实例化AnchorGenerator 和 roi_pooler
实例化AnchorGenerator
anchor_generator = AnchorsGenerator(sizes=((32, 64, 128, 256, 512),),
aspect_ratios=((0.5, 1.0, 2.0),))
传入两个参数,一个是sizes
,一个是aspect_ratios
. size 和aspect_ratios都是元祖类型,并且都是一个元素,因为我们是构建不带FPN的结构,只有一个预测特征层,对应sizes和aspect_ratios元祖都只有一个元素
如果我们这里不去定义AnchorGenerator
,在Faster RCNN内部它会自动去构建针对具有FPN结构的AnchorGenerator
以及roi_pooler
,因此需要我们事先去构建 AnchorGenerator
和roi_pooler
anchor_generator = AnchorsGenerator(sizes=((32, 64, 128, 256, 512),),
aspect_ratios=((0.5, 1.0, 2.0),))
roi_pooler = torchvision.ops.MultiScaleRoIAlign(featmap_names=['0'], # 在哪些特征层上进行RoIAlign pooling
output_size=[7, 7], # RoIAlign pooling输出特征矩阵尺寸
sampling_ratio=2) # 采样率
这里用的MutiScaleRoIAlign
,这个相对Faster RCNN论文所讲的RoiPooler而言会更加精确一些. 由于这里只有一个key
为0的预测特征层,所以在MultiScaleRoIAlign中传入featmap_names=['0']
模型构建
构建模型
:
model = FasterRCNN(backbone=backbone,
num\_classes=num_classes,
rpn\_anchor\_generator=anchor_generator,
box\_roi\_pool=roi_pooler)
完整代码如下:
def create\_model(num_classes, load_pretrain_weights=True):
import torchvision
from torchvision.models.feature_extraction import create_feature_extractor
# vgg16
backbone=torchvision.models.vgg16_bn(pretrained=False)
print(backbone)
backbone=create_feature_extractor(backbone,return_nodes={"features.42":"0"})
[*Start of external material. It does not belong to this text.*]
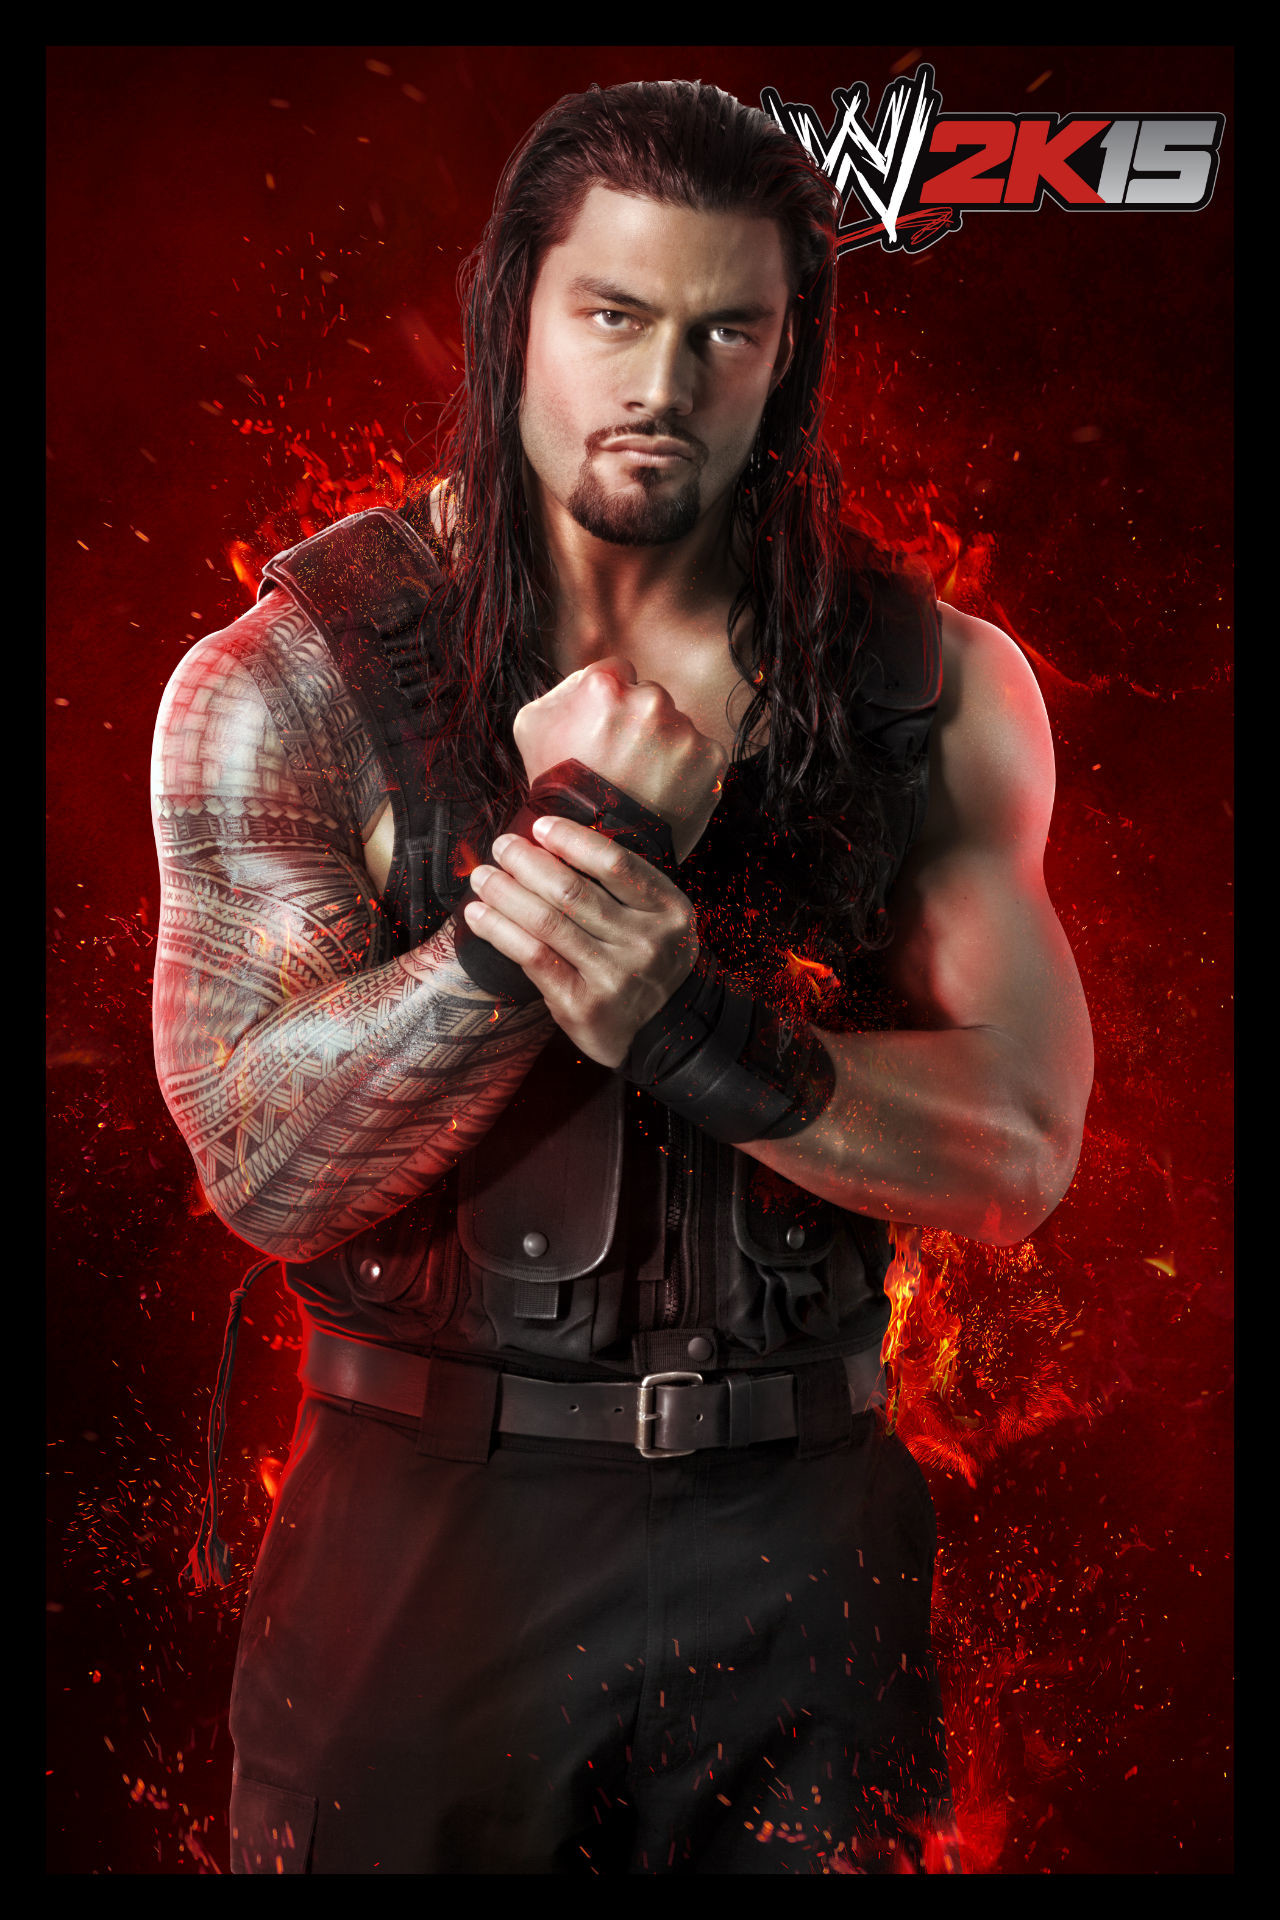 1280x1920 Roman Reigns images WWE 2K15 HD wallpaper and background photos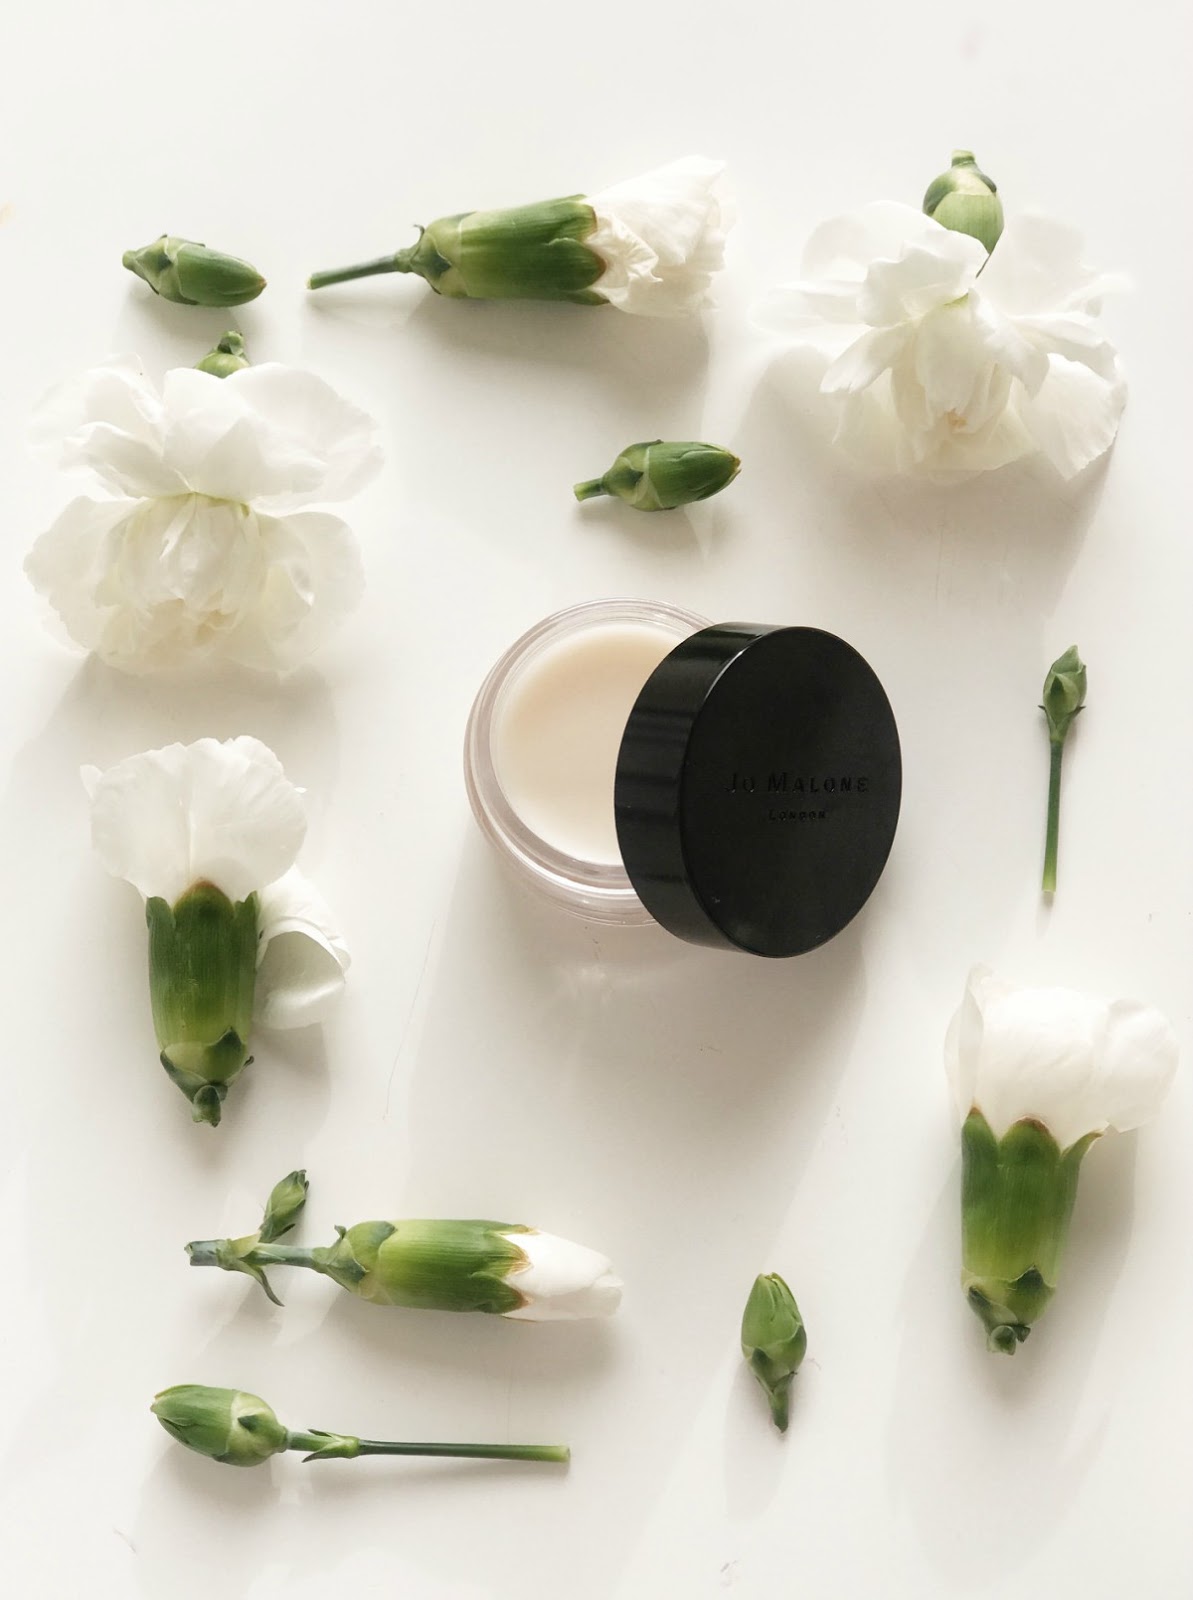 Jo Malone English Mint & Ginger Lip Care Review

#out=backbone(torch.rand(1,3,224,224))
#print(out["0"].shape)
backbone.out_channels=512
# resnet50 backbone
# backbone=torchvision.models.resnet50(pretrained=False)
# #print(backbone)
# backbone=create\_feature\_extractor(backbone,return\_nodes={"layer3":"0"})
# out=backbone(torch.rand(1,3,224,224))
# print(out["0"].shape)
# backbone.out\_channels=1024
# efficientnet\_b0 backbone
# backbone=torchvision.models.efficientnet\_b0(pretrained=False)
# print(backbone)
# backbone=create\_feature\_extractor(backbone,return\_nodes={"features.5":"0"})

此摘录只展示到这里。